Наконец я возвратился в отечество, где лавры и мирты ожидали меня. В голове моей не было никакой ясной идеи, а в сердце – никакого сильного чувства, кроме скуки. Весь свет казался мне беспорядочною игрою китайских теней, все правила – уздою слабых умов, все должности – несносным принуждением. Ласки родителей не сделали в холодной душе моей никакого впечатления; но, зная выгоды человека, образованного в чужих землях, я спешил поразить умы соотечественников разными странностями и с удовольствием видел себя истинным законодателем столицы. Мореплаватель во время бури не смотрит с таким вниманием на магнитную стрелку, с каким молодые люди на меня смотрели, чтобы во всем соображаться со мною. Я везде, как в зеркале, видел себя с ног до головы: все мои движения были срисованы и повторены с величайшею верностию. Это забавляло меня до крайности. Но главным моим предметом были женщины, которых лестное внимание открывало мне обширное поле деятельности. Здесь не могу удержаться от некоторых философических рассуждений. Влюбленность – извините новое слово: оно выражает вещь – влюбленность, говорю, есть самое благодетельное изобретение для света, который без нее походил бы на монастырь Латрапский. Но с нею молодые люди наипрекраснейшим образом занимают пустоту жизни. Открывая глаза, знаешь, о чем думать; являясь в обществах, знаешь, кого искать глазами; все имеет цель свою. Правда, что мужья иногда досадуют; что жены иногда дурачатся от ревности; но мы заняты, – а это главное! С одной стороны, искусство нравиться, с другой – искусство притворяться и самого себя обманывать не дают засыпать сердцу. Часто выходит беспорядок в семействах, но он имеет свою приятность. Сцены обморока, отчаяния для знатоков живописны. Sauve qui peut, всякий о себе думай – и довольно!
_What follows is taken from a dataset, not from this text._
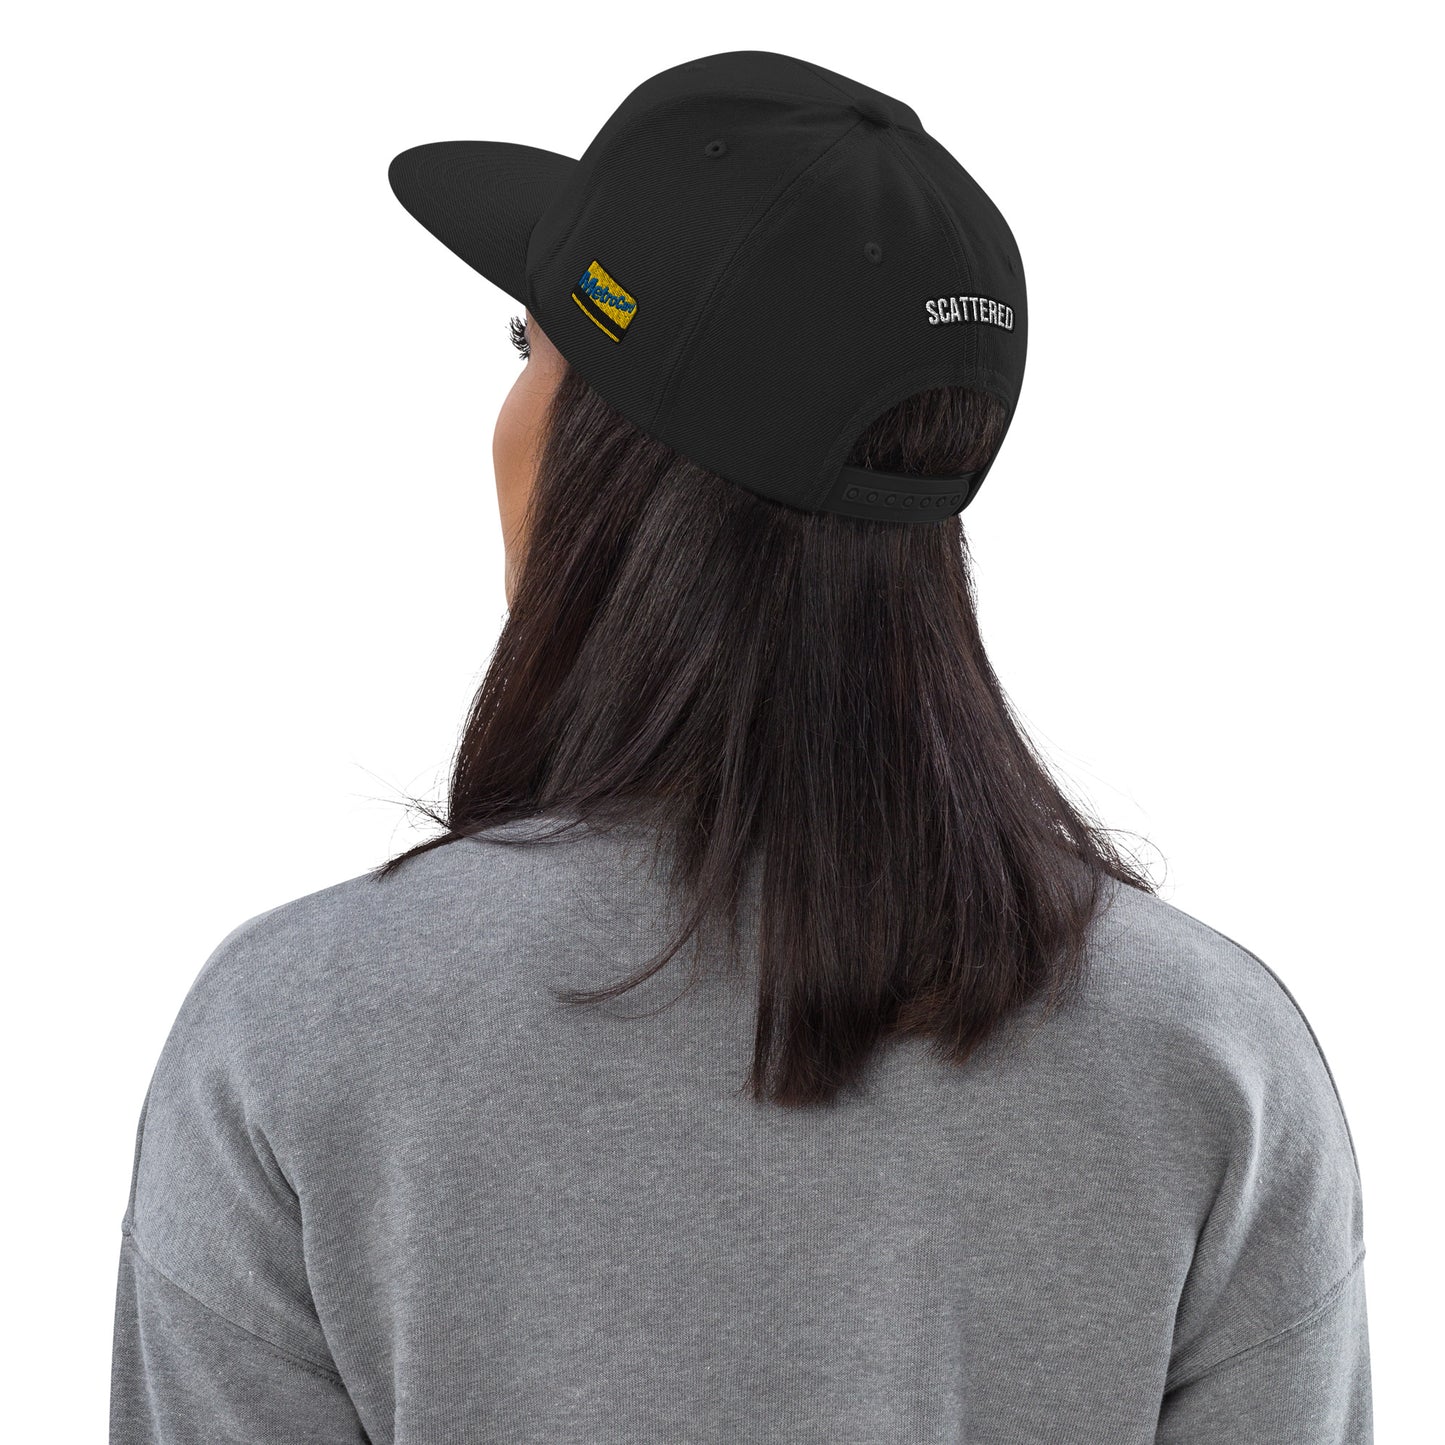 New York Apple Logo Embroidered Black Snapback Hat (Metro Card) Scattered Streetwear

Будучи модным прелестником, я имел счастие поссорить многих коротких приятельниц между собою и развести не одну жену с мужем. Всякая соблазнительная история более и более прославляла меня. О характере моем говорили ужасы: это самое возбуждало любопытство, которое действует весьма живо и сильно в женском сердце. Система моя в любви была самая надежная; я тиранил женщин то холодностию, то ревностию; являлся не прежде десяти часов вечера на любовное дежурство, садился на оттомане, зевал, пил гофмановы капли или начинал хвалить другую женщину; тайная досада, упреки, слезы веселили меня недель шесть, иногда гораздо долее; наконец следовал разрыв связи – и новый миртовый венок падал мне на голову. Справедливость требует от меня признания, что не все красавицы были моими Дидонами; нет, одна из них, вышедши из терпения, осмелилась указать мне двери. Я был в отчаянии – и на другой день представил ее в живой карикатуре: заставил всех смеяться и сам утешился.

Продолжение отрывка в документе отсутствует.